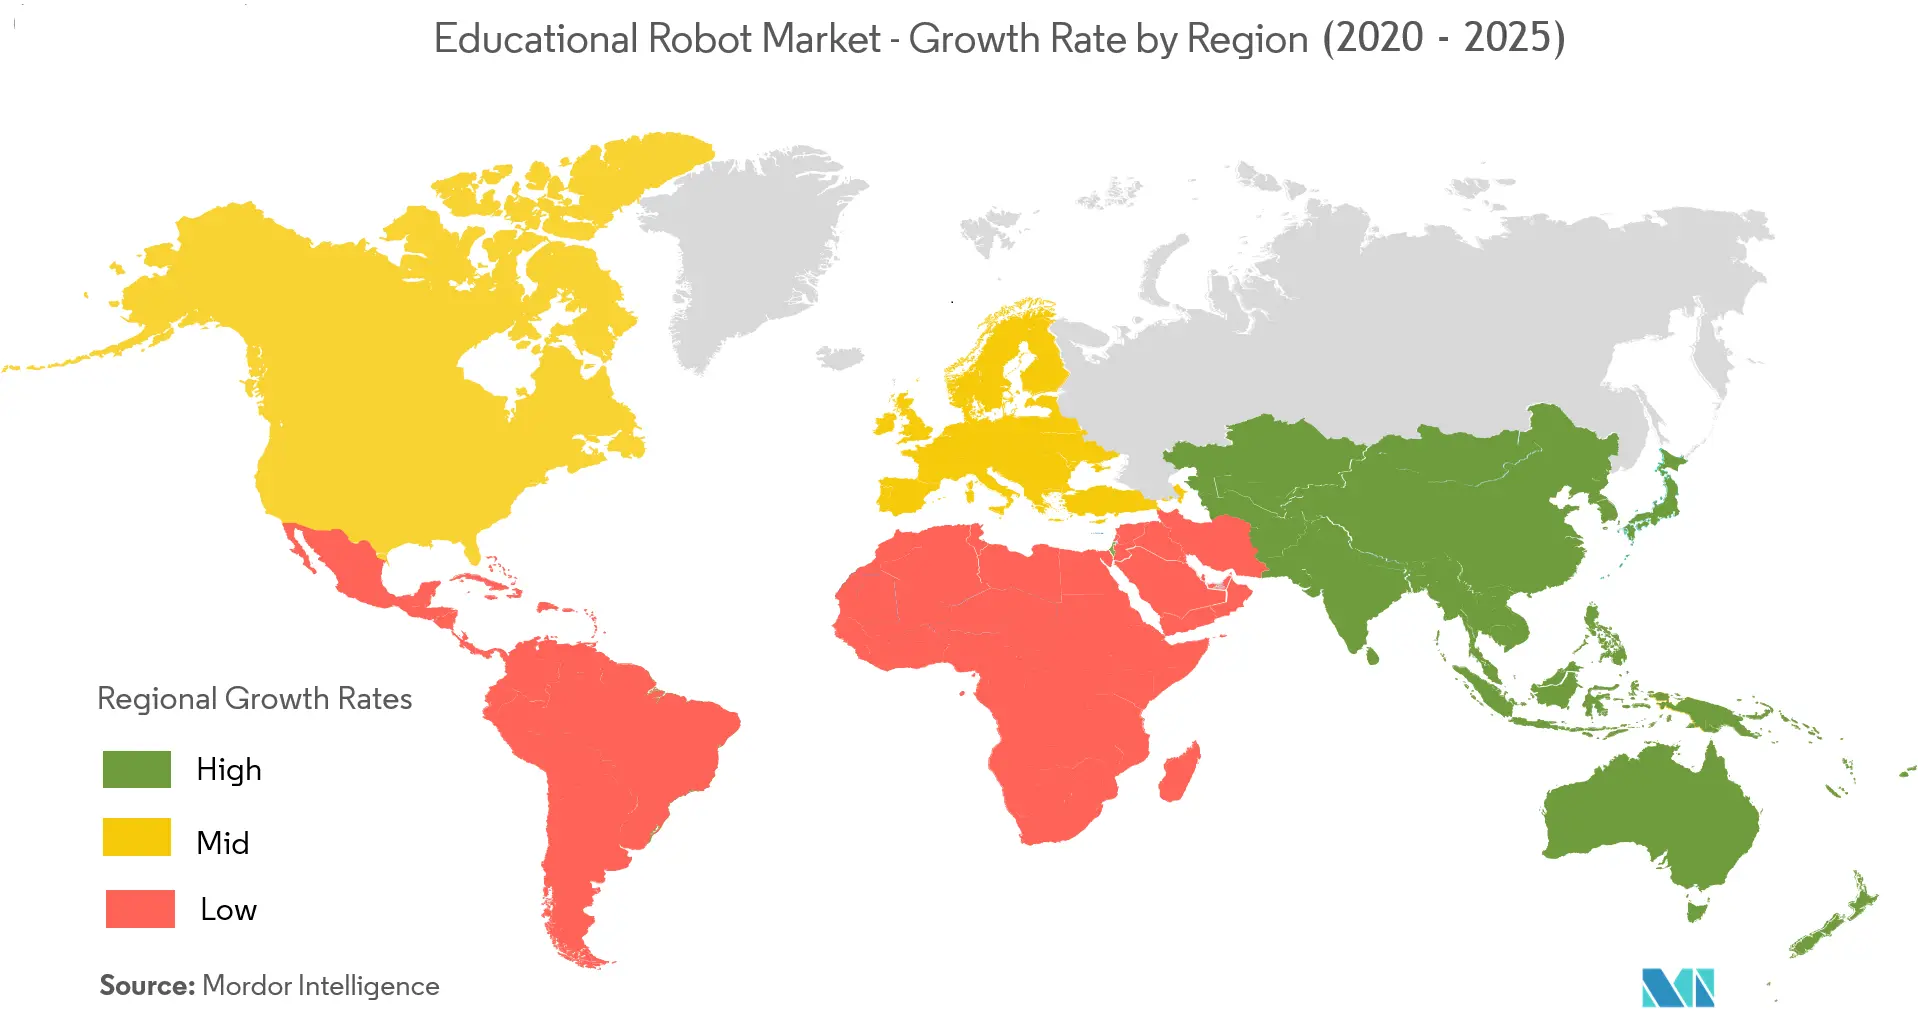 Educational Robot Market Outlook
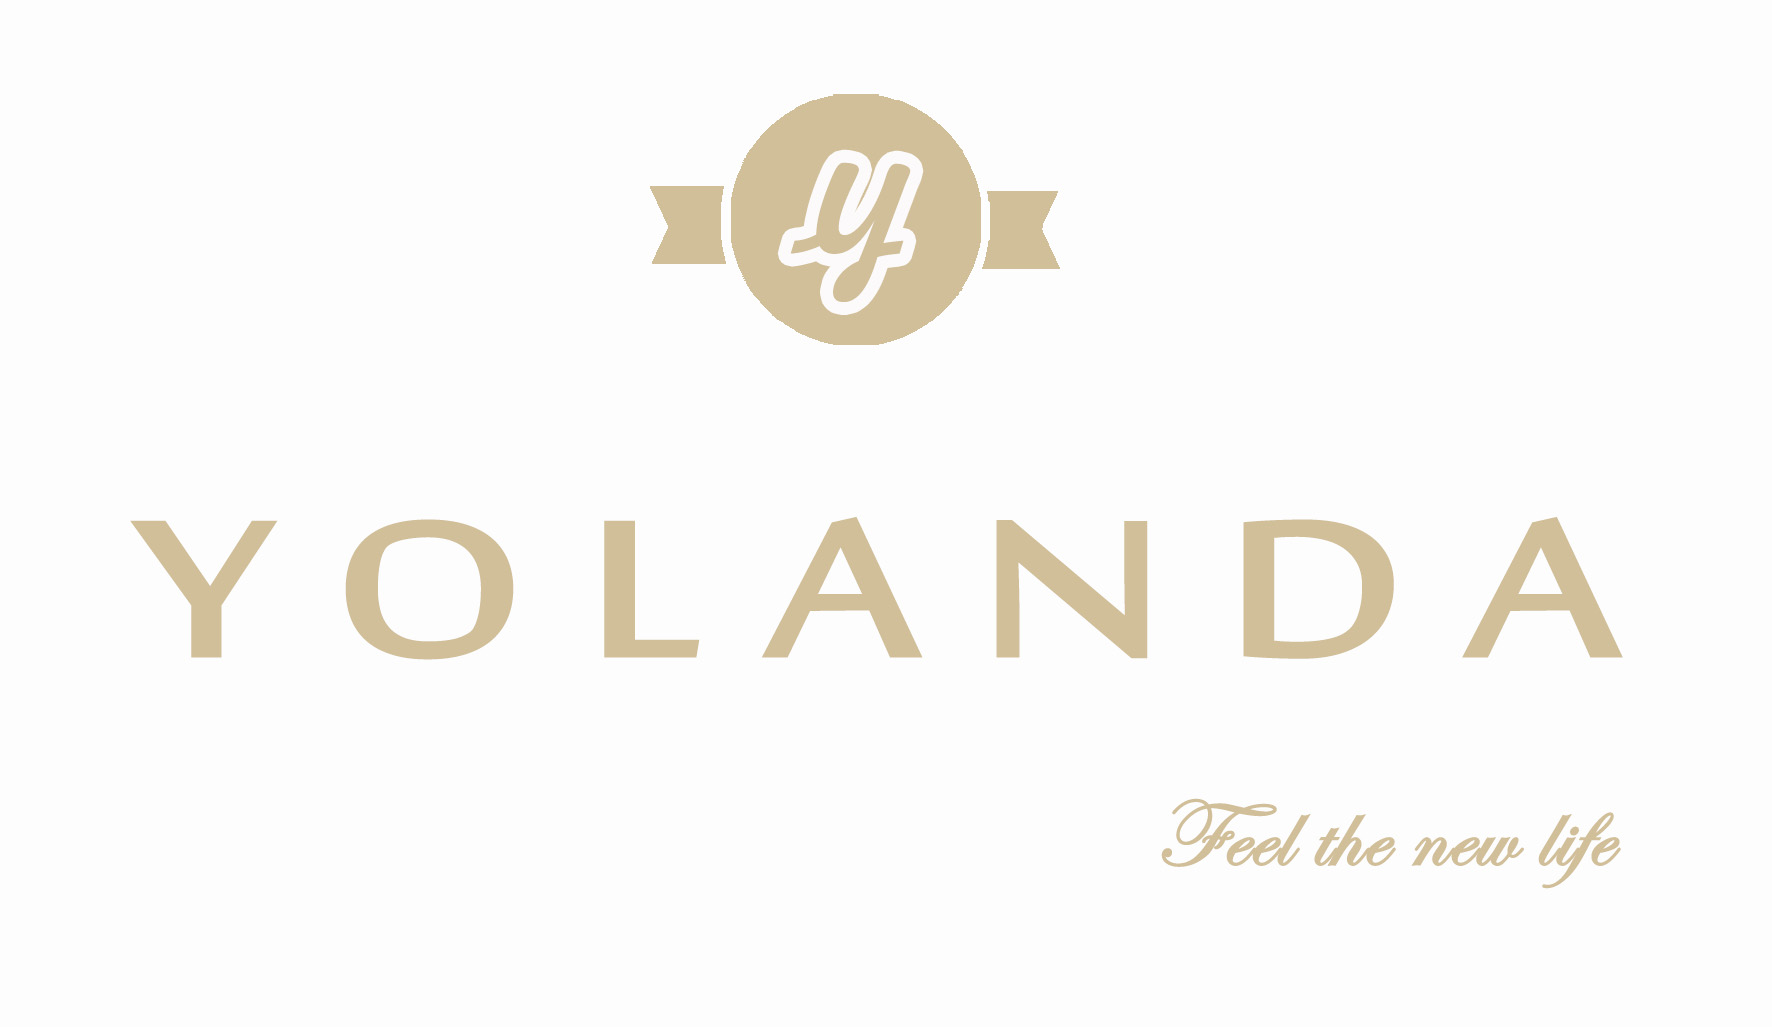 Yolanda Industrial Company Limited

==

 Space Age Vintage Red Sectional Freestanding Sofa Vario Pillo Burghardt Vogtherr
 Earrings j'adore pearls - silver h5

TASK STATEMENT - Repeat, word for word, the lines of the material above from the one holding "Educational Robot Market Outlook" through the one holding "Yolanda Industrial Company Limited". Leave out pictures.

OUTPUT BELOW -
 Educational Robot Market Outlook
 Yolanda Industrial Company Limited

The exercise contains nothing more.